ModuleNotFoundError: No module named 'flair'

# Integration & Future Work

We have started working with the Gemini AI model, which has shown promising results. It has been able to fully identify nuanced or context-dependent spatial terms. The model performs well out of the box, and we’re currently exploring how its capabilities can complement our custom NER system.


** Reference how to create and run the Gemini AI model from the LLM Documentation.
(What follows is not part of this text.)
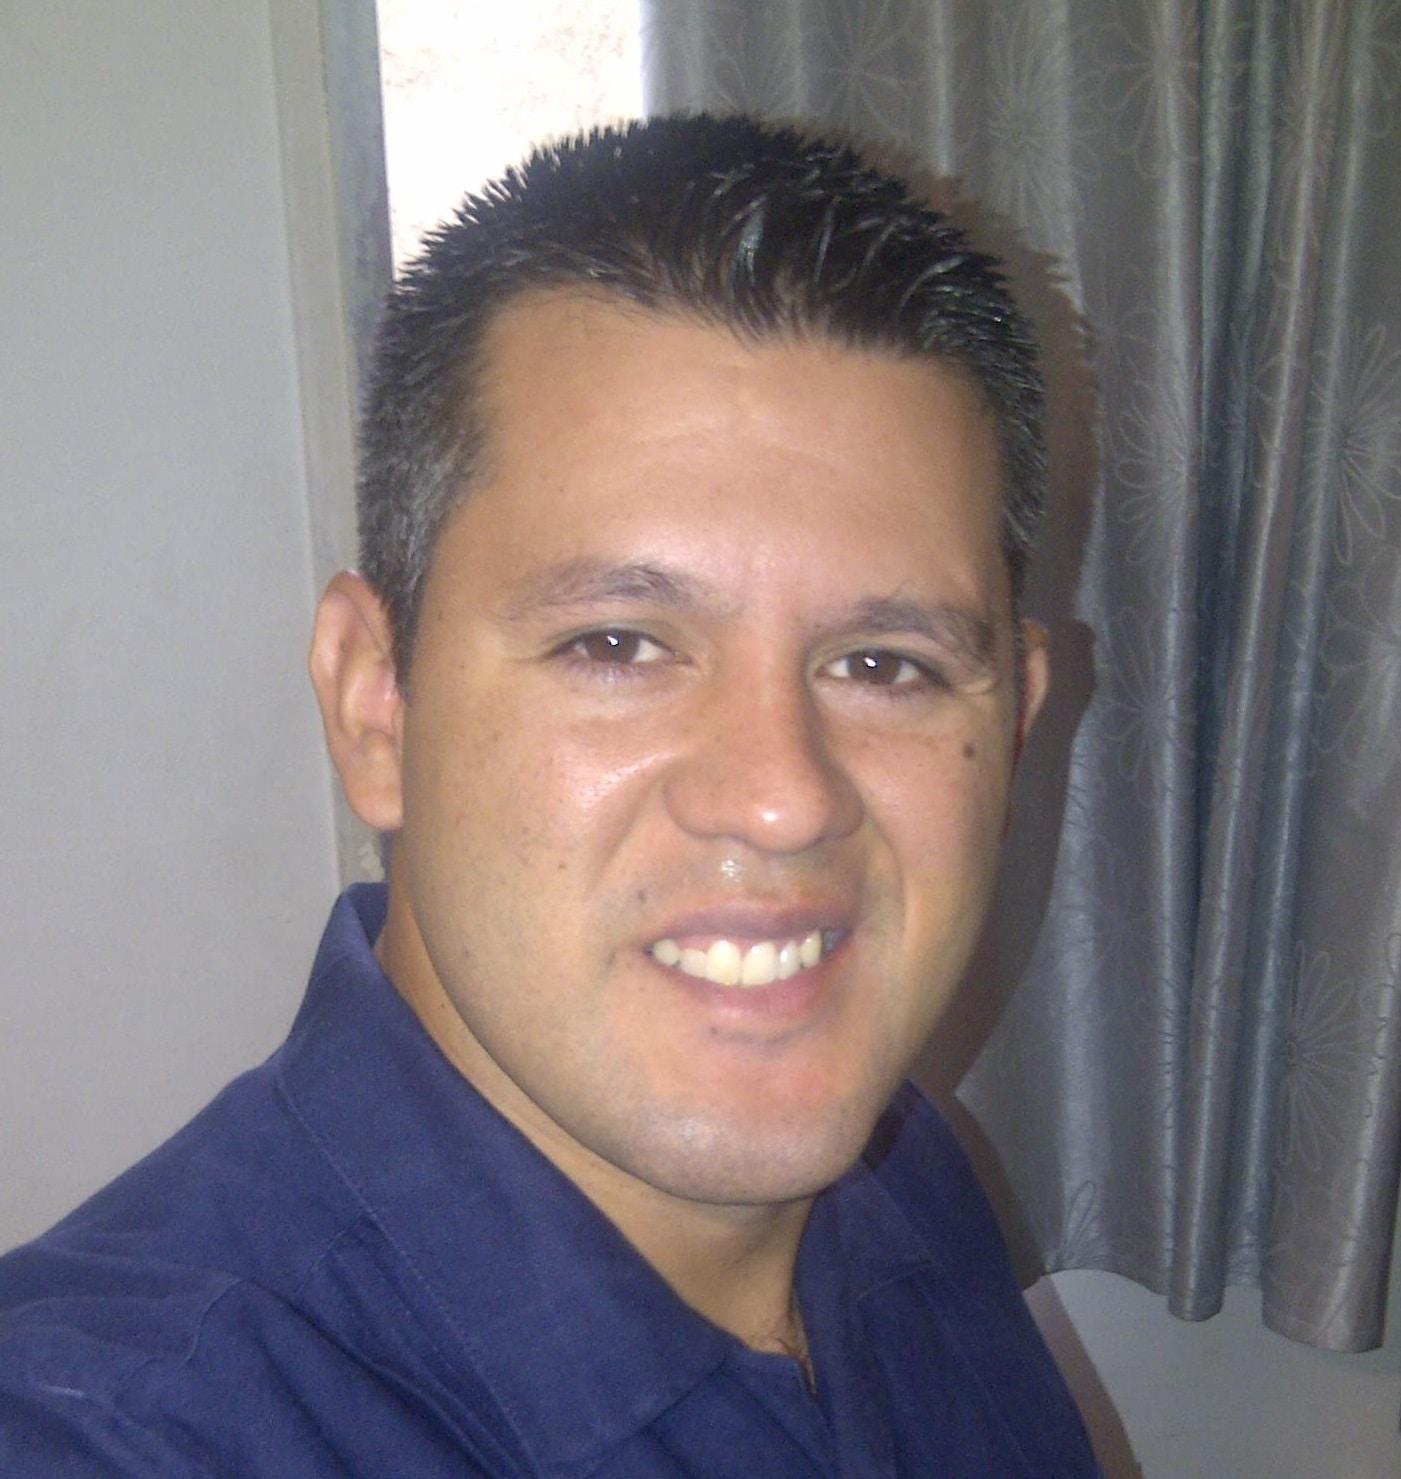 Go to Willian Contreras's profile

Replace the prompt with a new prompt specifying to extract specific types of spatial terms:

In [None]:
prompt = f"""
    Extract the following types of spatial (mappable) terms from the policy text:
    1. Place names (either general, like "downtown", or specific, like "Angwin").
    2. Land use or zoning classifications.
    3. Geographical features (e.g., creeks, mountains, rivers).
    4. Structures, including facilities, buildings, and infrastructure.
    5. Mappable units of measure (e.g., distances, areas such as acres, hectares, square miles, parcels, buffers).
    6. Geospatial terms (e.g., raster, point, polygon, line, or file types such as GeoJSON, .shp, etc.).
    The response should be a comma-separated list of these terms from the following policy text:\n\n{policy_text}
    """

### Future Steps

**Model Ensembling:** Combine the strengths of our custom NER and Gemini through ensembling techniques. This hybrid approach aims to boost accuracy and handle more complex or ambiguous spatial terms.
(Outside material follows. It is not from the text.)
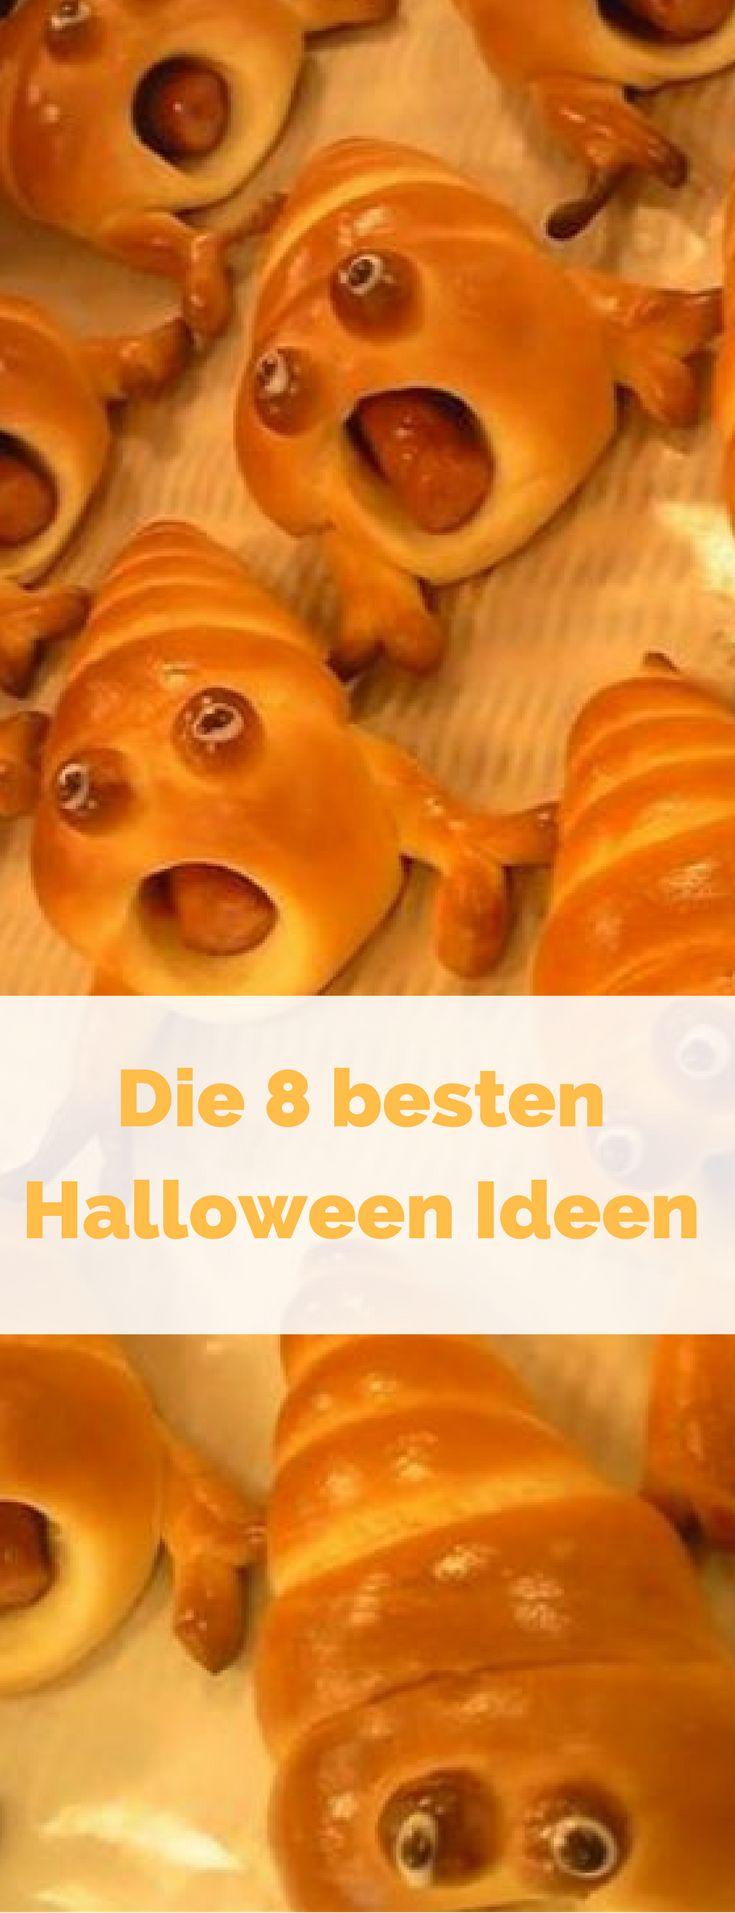 Schreiende Hörnchen, lackschwarze Kürbiskatzen, Wassermelonengehirne und eine Folterwerkzeug Girlande. Ich habe die 8 besten Halloween Ideen für euch zusammengestellt. Enjoy!

**Expanded Entity Set & Dataset:** Continue expanding the entity taxonomy to cover additional planning domains, such as fire, land use, safety element, etc. At the same time, grow and diversify the labeled policy dataset by including the rest of the policies from other plans (maybe?).

**Text-to-GIS Mapping:** Develop a pipeline to connect extracted spatial entities directly to geographic features. This involves:
* Mapping NER outputs to GIS layers (e.g., zoning districts, land use boundaries)
* Implementing geocoding for named places and address-based entities
* Exploring spatial ontologies or standardized vocabularies to support reliable mapping.

Ultimately, the goal is to enable workflows that move from policy text → structured entities → mapped outputs, unlocking powerful new capabilities for planning and analysis.